40 gr di pecorino fresco

mezzo bicchiere di olio extravergine di oliva

uno spicchio d’aglio

Un pizzico di pepe nero

Sale q.b.

Procedimento:

Per prima cosa prepariamo il ripieno. Peliamo e facciamo cuocere a vapore le patate e poi passiamole con il passapatate, uniamo il formaggio, la menta fresca tritata,  un pizzico di pepe nero e mezzo bicchiere di olio extravergine di oliva in cui avremo precedentemente fatto soffriggere un grosso spicchio di aglio. Aggiungiamo poi il sale e facciamo raffreddare.

A questo punto prepariamo la sfoglia.

Mettiamo la farina  e la semola a fontana  in un contenitore capiente e versiamo al centro l’acqua mischiata con due cucchiai di olio extravergine di oliva e il sale. Impastiamo il tutto con le mani su una spianatoia e stendiamo la sfoglia molto sottile. Io utilizzo la macchinetta per la pasta e la lavoro prima più grossa e poi sempre più sottile. Ora mettiamo il ripieno all’interno della sfoglia e chiudiamoli come i ravioli normali o se vogliamo cimentiamoci nella chiusura spigata.

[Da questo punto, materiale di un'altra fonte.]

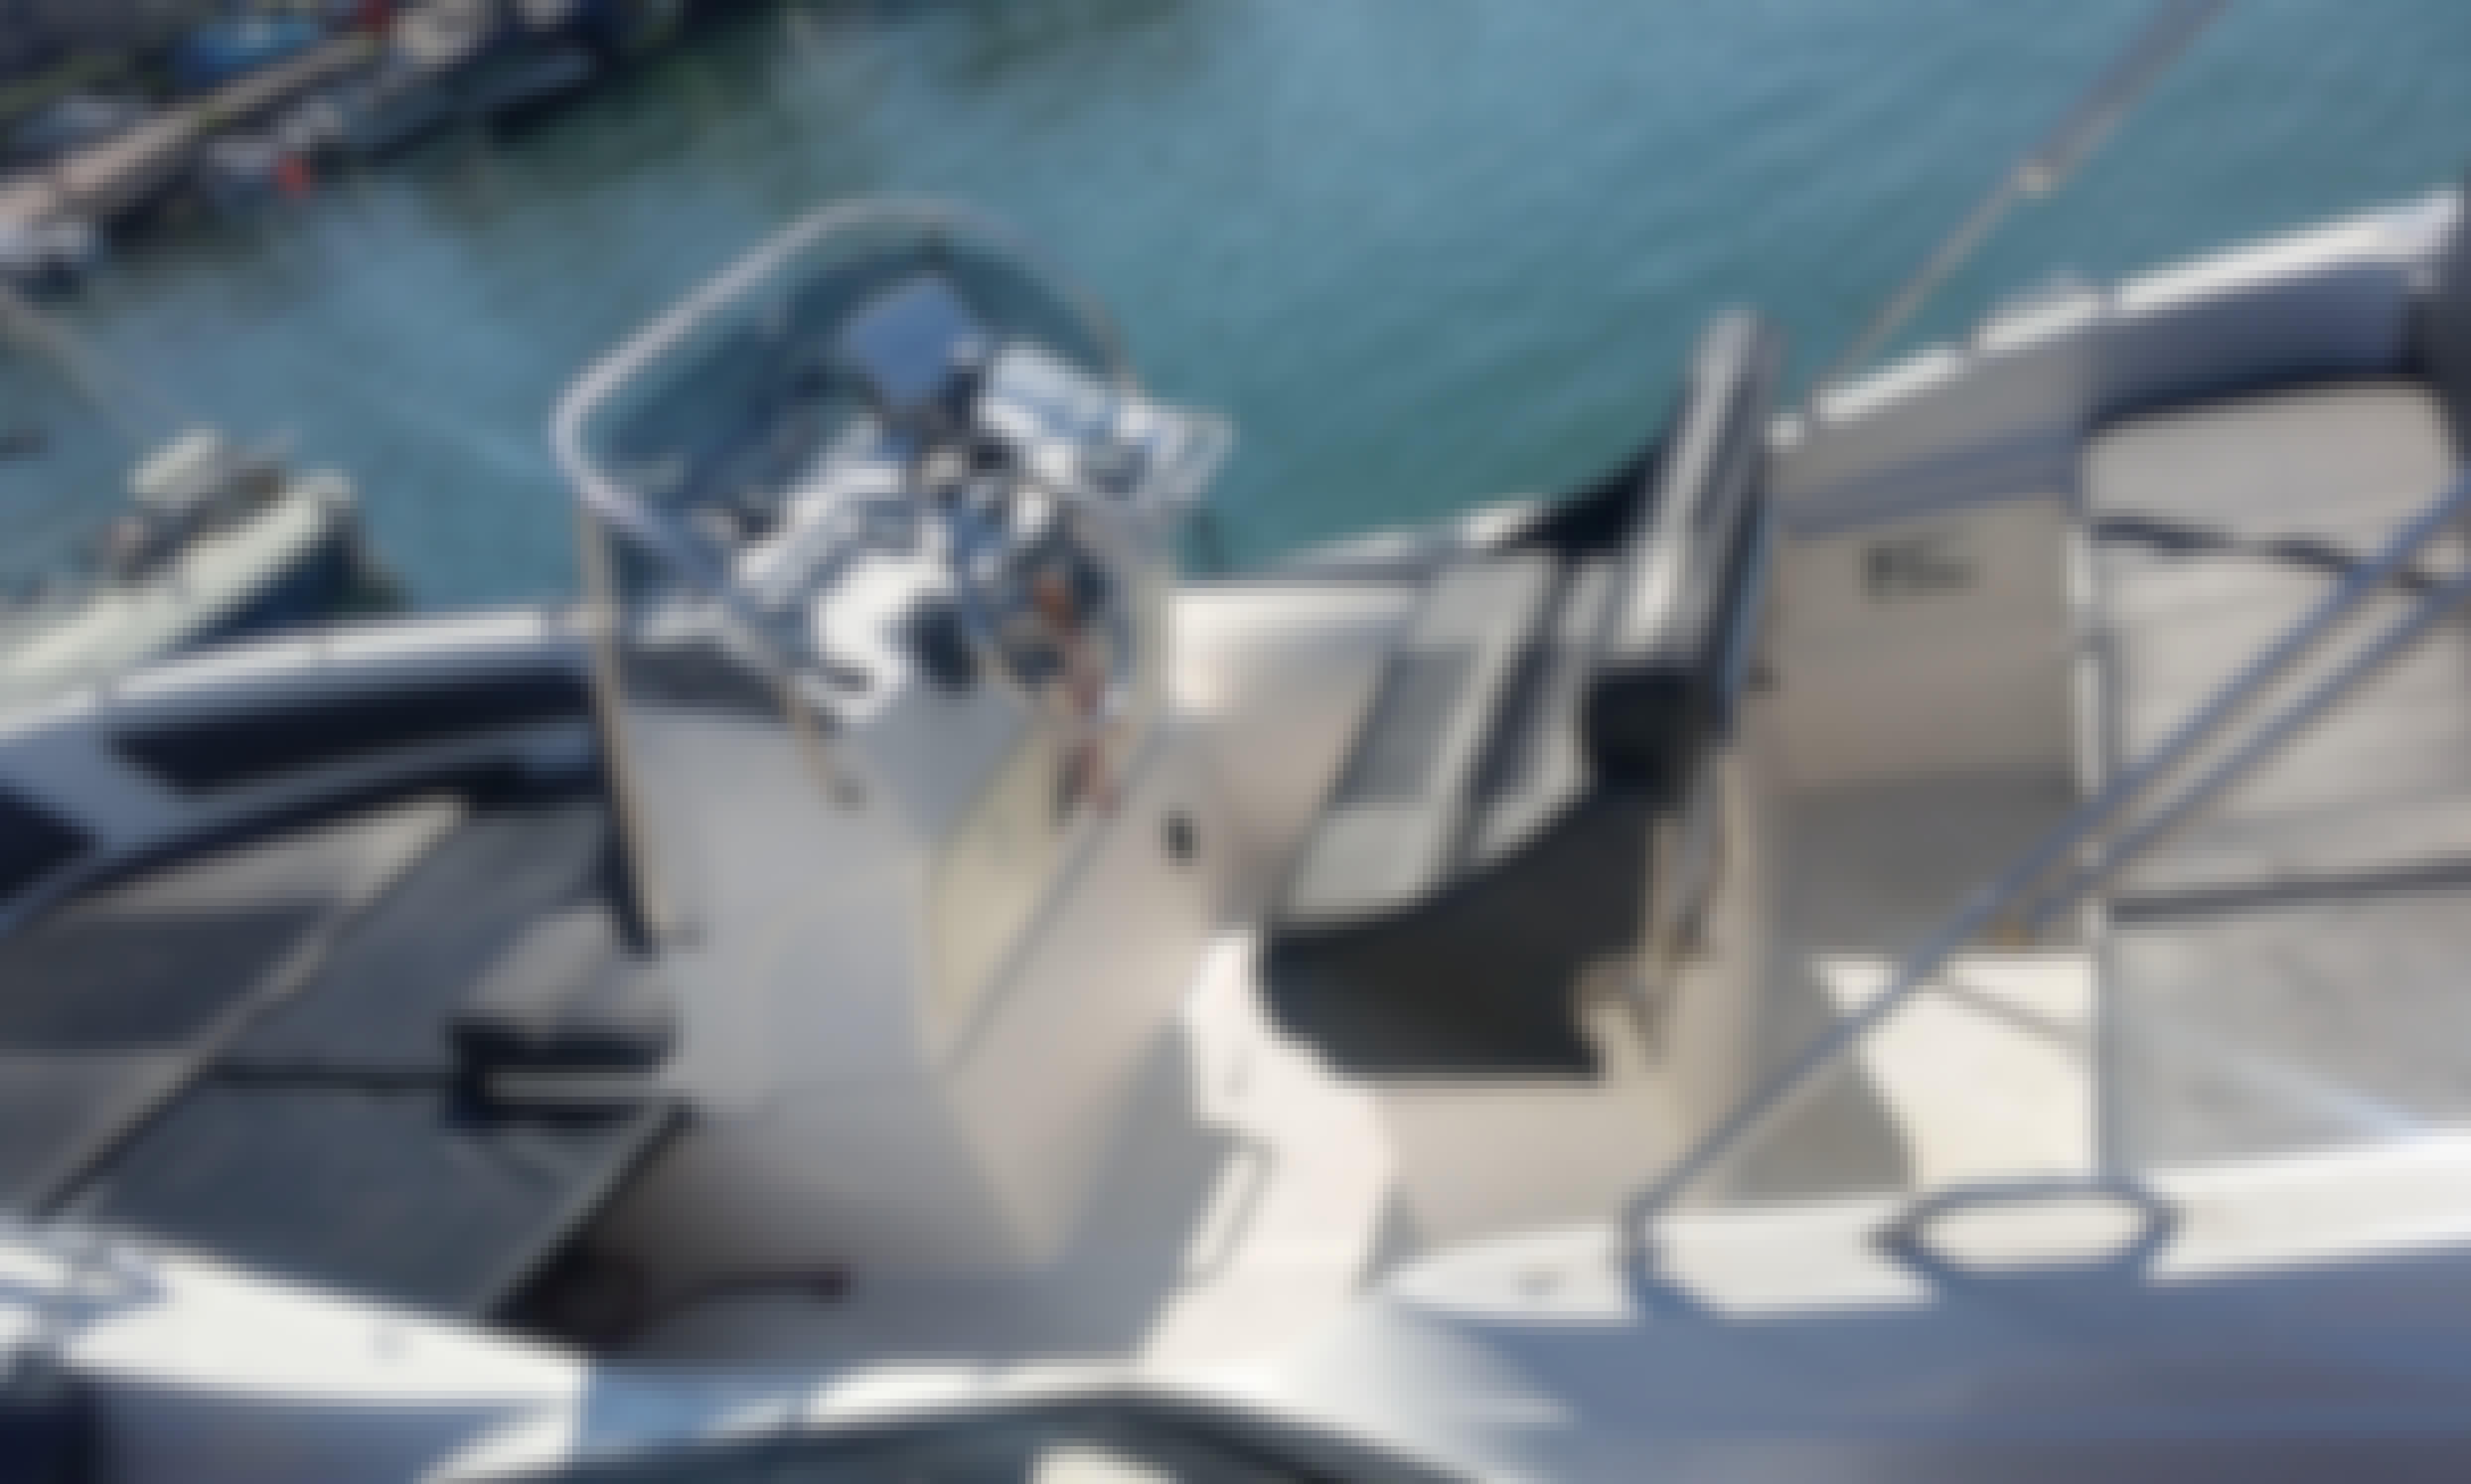 23' Zar Formenti 6.1 Plus RIB Boat in Patitiri Pport

Per ottenere “Sa Spighitta” ci vuole tanta manualità per prima cosa facciamo dei cerchi di pasta utilizzando un bicchiere. Poi pieghiamoli a metà tenendoli fra l’indice e il pollice e adagiamo l’impasto all’interno. Per formare la spiga pizzichiamo il bordi della pasta sovrapponendola avendo cura di sigillare bene la punta finale. Adagiamoli su un vassoio infarinato e facciamoli poi cuocere per cinque minuti circa in acqua salata dopo l’ebollizione. Condire con un sugo semplice al basilico o con un sugo con la salsiccia.

Ingredienti per il sugo di salsiccia:

400 gr di salsiccia aromatizzata al finocchietto selvatico

foglie di basilico q.b.

sale q.b.

4 carote

due cipolle bianche

600 gr di pelati o cubetti

pecorino

peperoncino q.b.

Procedimento:

Privare la salsiccia del budello e ridurla in pasta.In seguito,tritare finemente le cipolle e le carote e far soffriggere insieme alla salsiccia con abbondante olio extravergine di oliva, peperoncino e sale.Quando il tutto sarà ben rosolato aggiungere i pelati di pomodoro in parte frullati con il frullatore ad immersione e in parte ridotti in tocchetti. Dopo che si sarà raffinato aggiustare di sale e valutare l’acidità per correggerla eventualmente con un cucchiaino di zucchero bianco. Spegnere e far raffreddare con il coperchio mettendovi del basilico per insaporire.